Es sorprendente cómo cuatro novelas tan distintas, como son estas de Melville, Tolstoi, Chejov y Kafka, pueden ser al mismo tiempo tan parecidas. Hay un resorte similar, algo que saca a los protagonistas de su vida cotidiana (sea un recurso naturalista o fantástico); y el fin es también el mismo: Bartleby se queda como dormido, “con reyes y consejeros”; Iván Ilich aspira el aire, se detiene en medio del suspiro, se estira y queda muerto; Andrei Efímich piensa en la inmortalidad, y la desecha, después ya todo desaparece y él deja de existir para siempre. Al Gregorio Samsa de La metamorfosis le espera un destino común a los otros personajes: “Y en tal estado de apacible meditación e insensibilidad permaneció hasta que el reloj de la iglesia dio las tres de la madrugada. Todavía pudo vivir aquel comienzo del alba que despuntaba detrás de los cristales. Luego, a pesar suyo, su cabeza hundióse por completo y su hocico despidió débilmente su postrer aliento”.

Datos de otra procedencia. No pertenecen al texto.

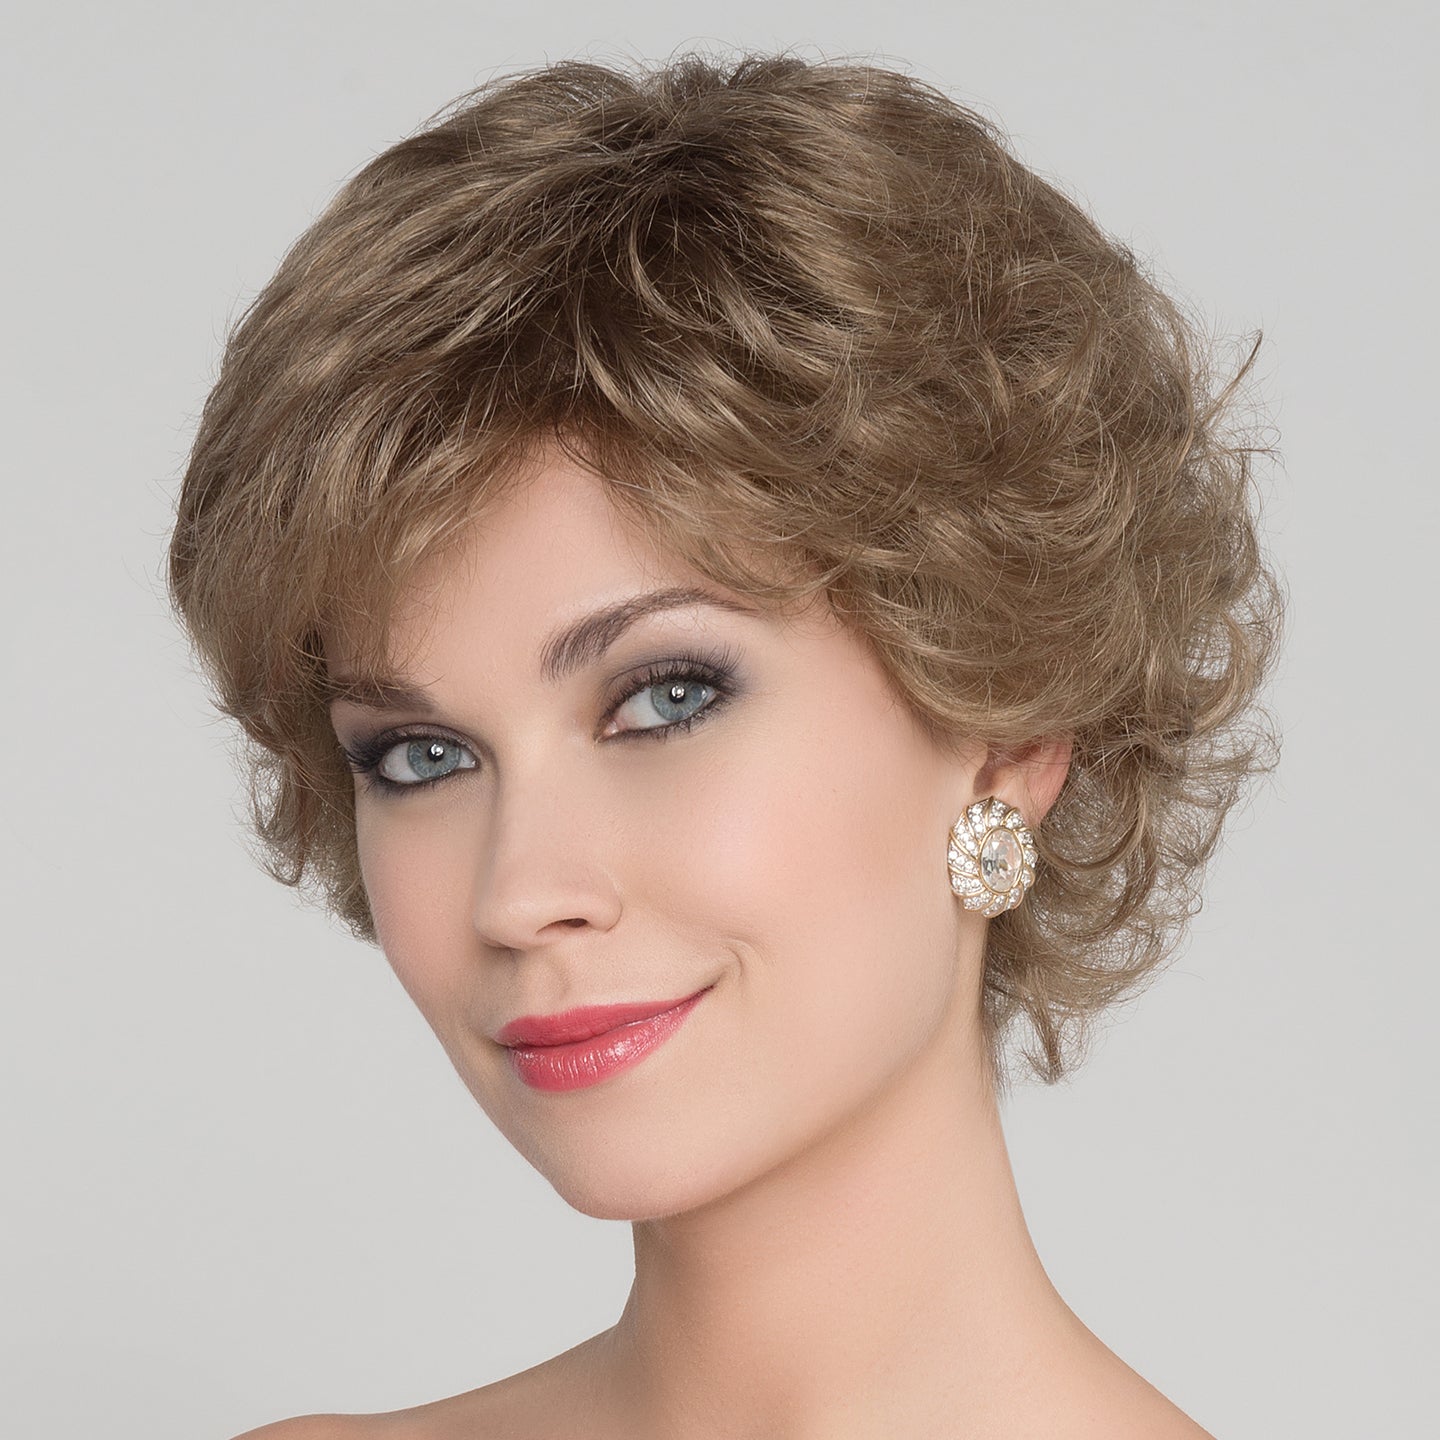 Aurora Comfort Wig - Ellen Wille HairPower Collection

Inquieta a Samsa la situación económica de la familia: hasta antes de la metamorfosis, la casa depende de él; luego, su padre y su madre, y la hermana Grete, despertarán del cómodo letargo en que vivían (pues vivían a costa de Gregorio) y se lanzarán al mercado laboral.
Nabokov también se ha detenido en ese doble proceso que se percibe en el relato: al comienzo, Samsa es un insecto y sus familiares son humanos; en el sufrimiento, el insecto se humaniza y los parientes del protagonista se animalizan hasta el punto de agredirlo y provocarle la muerte del modo más grotesco: “En esto, algo diestramente lanzado cayó junto a su lado, y rodó ante él: era una manzana, a la que pronto hubo de seguir otra. Gregorio, atemorizado, no se movió: era inútil continuar corriendo, pues el padre había resuelto bombardearle. Se había llenado los bolsillos con el contenido del frutero que estaba sobre el aparador, y arrojaba una manzana tras otra, aunque sin lograr por el momento dar en el blanco”.
Desde Bartleby, esa irrupción del absurdo parece atacar directamente a la realidad: el hecho aislado modifica nuestra idea del mundo. Lo que parecería normal ya no lo es, y lo anormal se comunica con ciertas pulsaciones realmente humanas. Una oficina en Wall Street, la burocracia de San Petersburgo, la administración de un hospital de provincias, y la existencia gris de una familia en Praga, sufren ese desfase de uno de sus integrantes que no se rebela a la estructura sino que es “puesto a un lado”. En Bartleby hay un “no” preferible y definitivo; en los otros, algo interno los lleva a dar la espalda y lanzarse en una búsqueda que será trágica y luminosa a un tiempo.
El “no” de Bartleby pone a temblar al mundo.